(STORED DATA Opens)

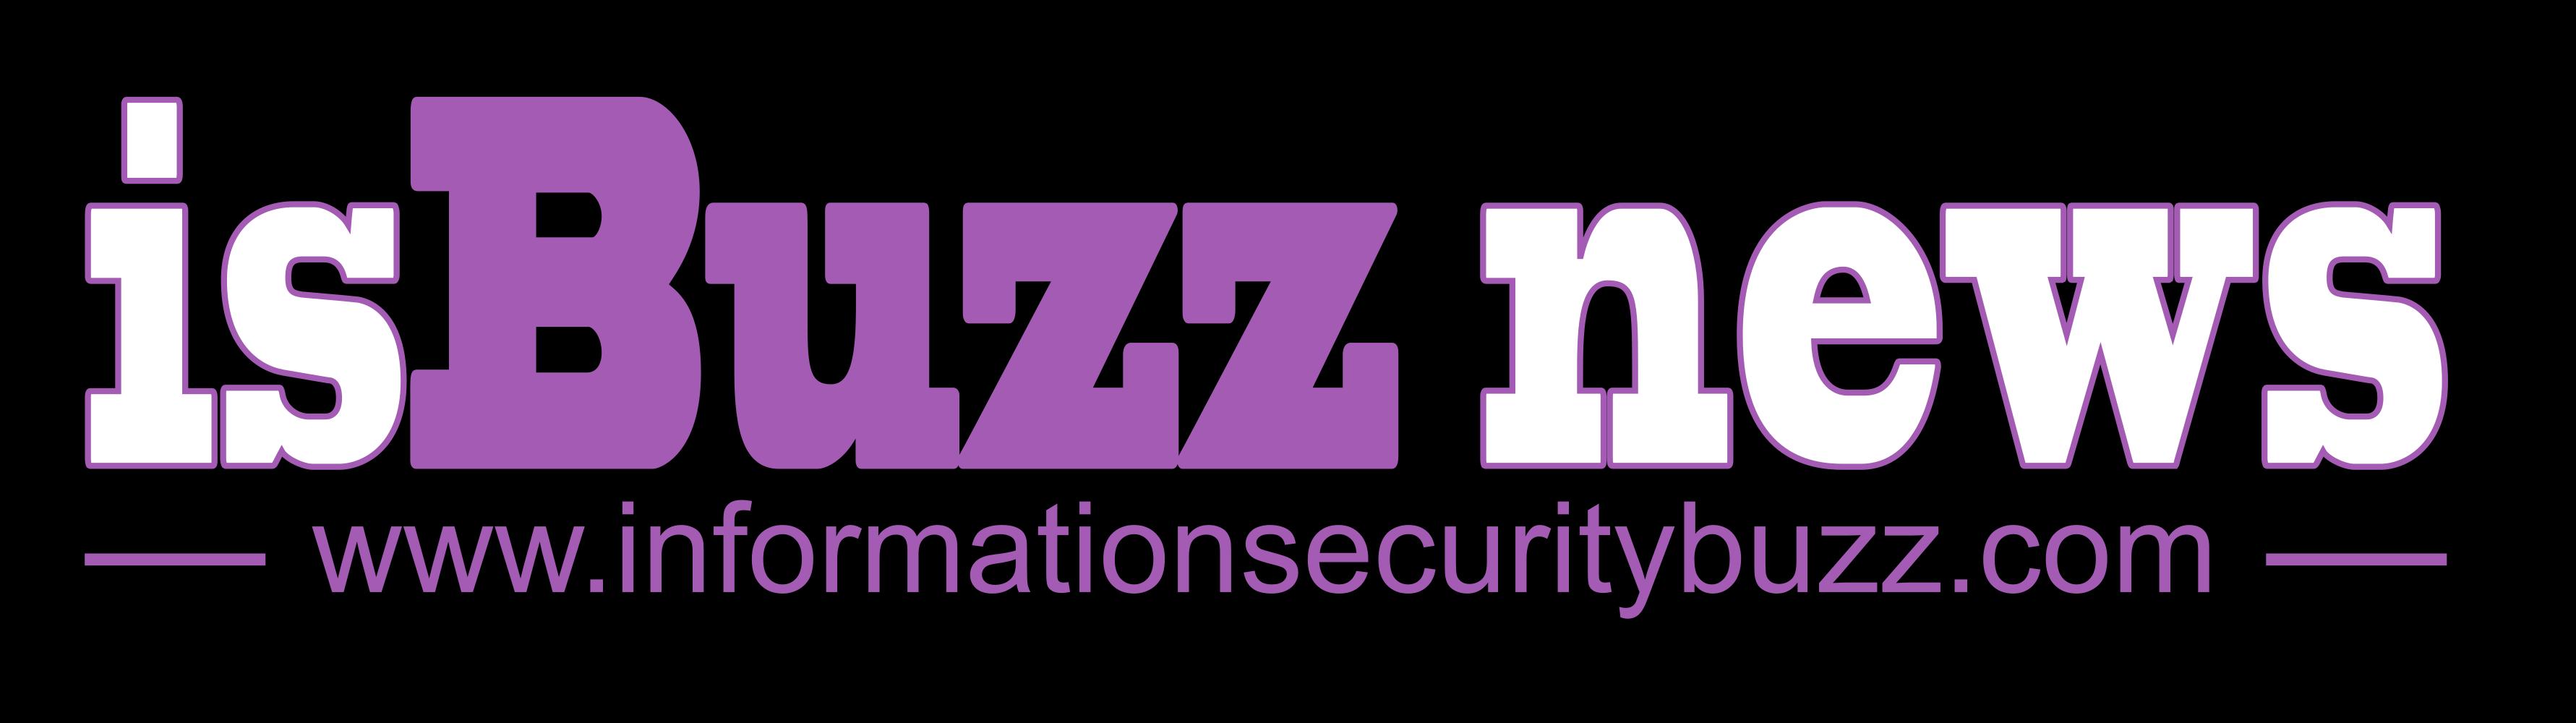 informationsecuritybuzz
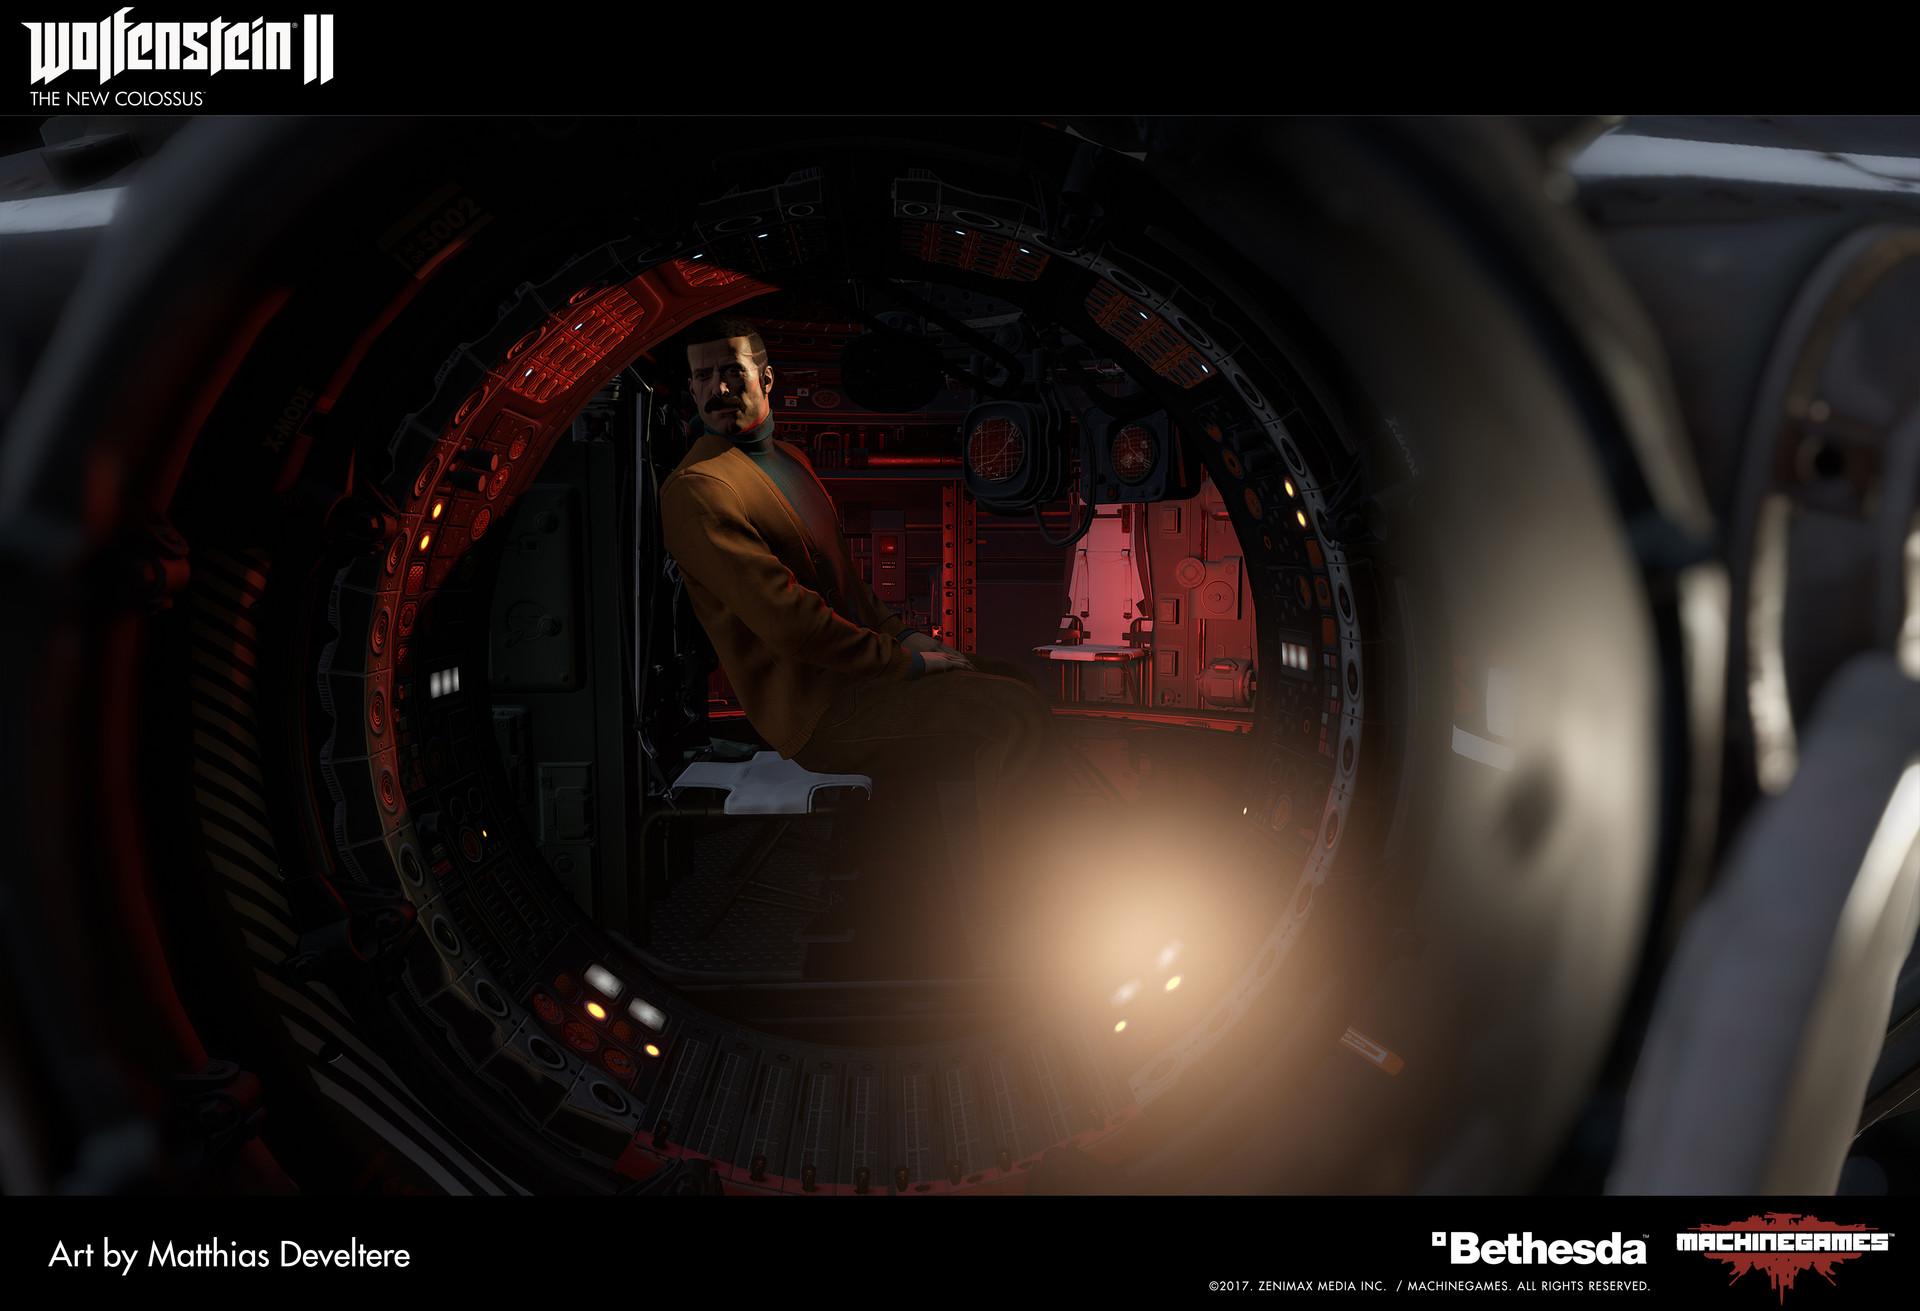 Matthias develtere ufo3
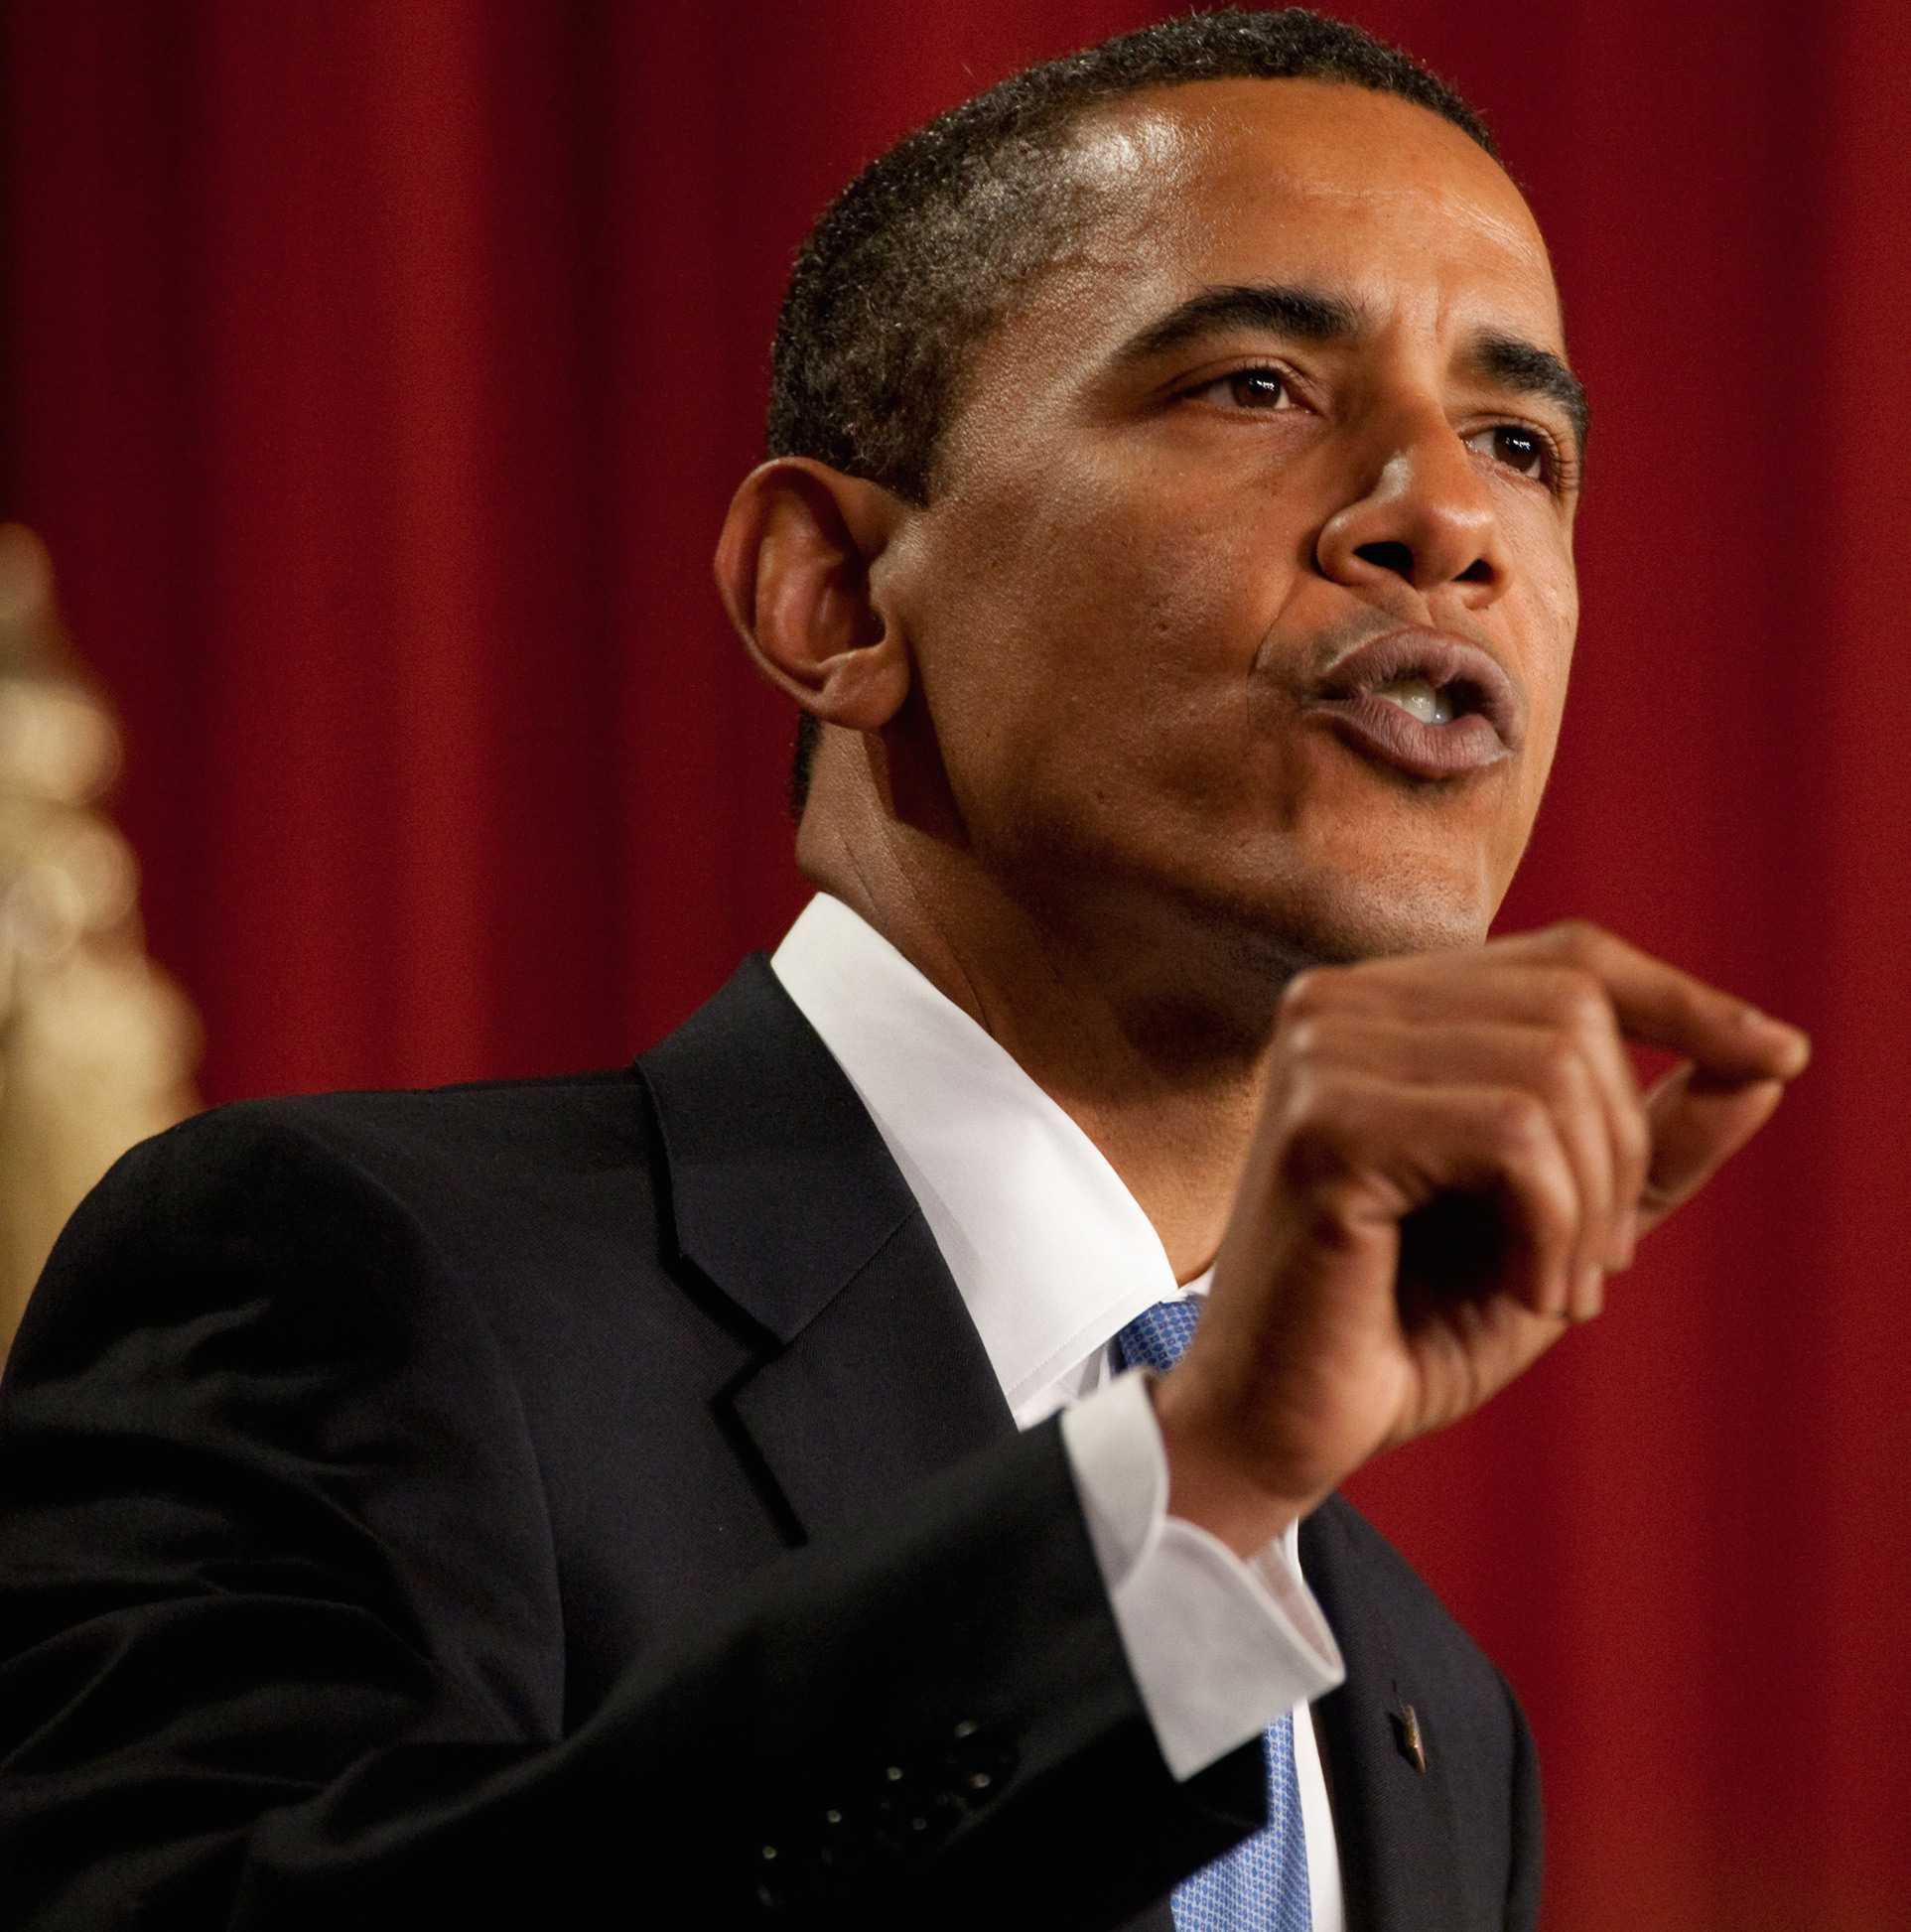 Obama Housing Plan Qualifications 28 Images Obama

(STORED DATA Closes)

_WHAT IS REQUIRED_
A word-for-word copy of the listing is needed, with no pictures in it.

_EXERCISE ANSWER_
 informationsecuritybuzz
 Matthias develtere ufo3
 Obama Housing Plan Qualifications 28 Images Obama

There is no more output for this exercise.